There isn't a music genre around which paid more attention to criticizing the racist and inhuman apartheid regime in South Africa than reggae! Last year anti-apartheid icon Nelson Mandela would have celebrated his hundredth birthday, and next year it'll be exactly twenty years ago since Madiba was finally released after years of imprisonment. In London the expo 'Mandela The Exhibition' is still running until the beginning of June, and VP Records now commemorates the man and his struggle with double compilation album 'Reggae Mandela', an anthology of songs from the period 1976 (the rather obscure opener 'South Africa' by Mighty Travellers or The Travellers) to 2015 (closing 'Thank You Mr. Mandela' by Carlene Davis, originally to be found on her 'Dripping Blood' album), featuring songs in which the apartheid system is being criticized or even demonized, Nelson Mandela's release from prison is demanded, former president Pieter Willem Botha, nicknamed 'Die Groot Krokodil', is verbally chastised ('Mr. Botha' by Mighty Diamonds, 'Pressure On Botha' by Jimmy Cliff & Josey Wales or Cocoa Tea's 'President Botha'), to celebrating Mandela's release, a single song about Steve Biko, the murdered leader of ANC's counterpart Black People's Convention or BPC (Beenie Man's 'Steve Biko'), and finally the celebration of Madiba's legacy. 
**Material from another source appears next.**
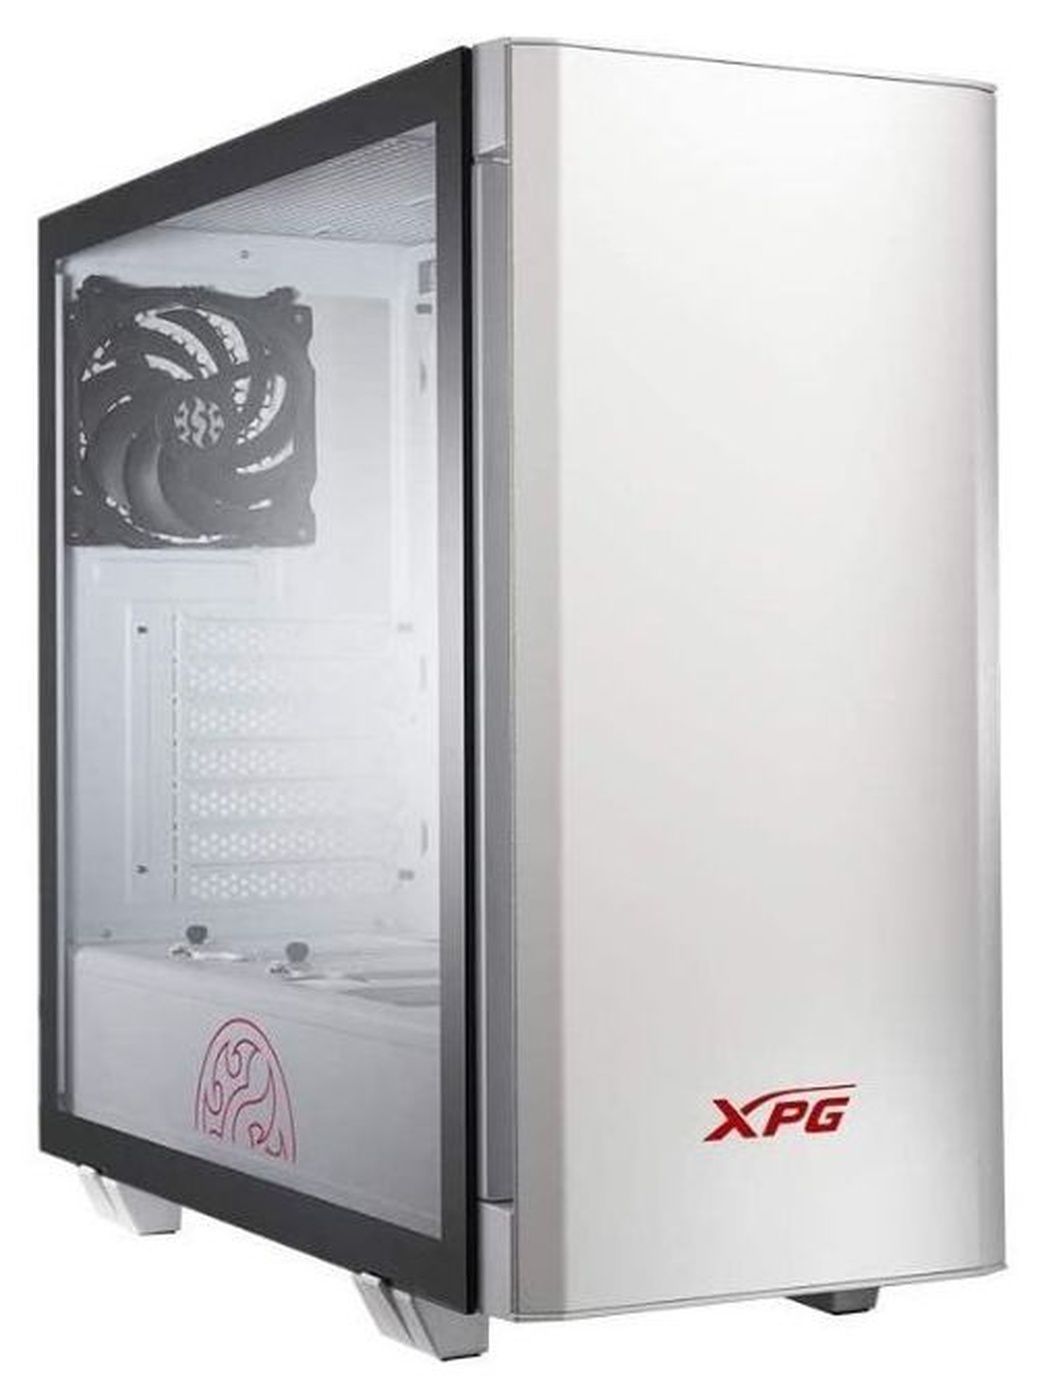 Компьютерный корпус XPG INVADER, белый фото

In the track list classics like Alpha Blondy's 'Apartheid Is Nazism', Aswad's 'Set Them Free', UB40's 'Sing Our Own Song' or Tony Rebel's 'Mandela Story', but just as well unjustly forgotten gems like Frankie Jones' 'Free South Africa' (over Black Uhuru's General Penitentiary riddim), Sugar Minott's 'Nah Go To South Africa' (a revamp of Prince Alla's 'Funeral'), 'Black Heroes' by Snowman (over the Answer/Never Let Go riddim), one of many artists who've meanwhile slipped back into oblivion, 'Free Africa' by Charlie Chaplin over that same Answer riddim, or the nyahbinghi-influenced 'Crying In Soweto' by Harold Butler & The Four Corners. Together with the extensive (and once again excellent) liner notes by Harry Wise, who in a few pages sketches the history of the apartheid system, the struggle of Nelson Mandela and the ANC against that system, and the role reggae played in denouncing this racist system and eventually even aiding in bringing about its downfall, this double compilation album forms a unique time document about a dark era that should forever be part of our collective memory. Amandla ngawethu!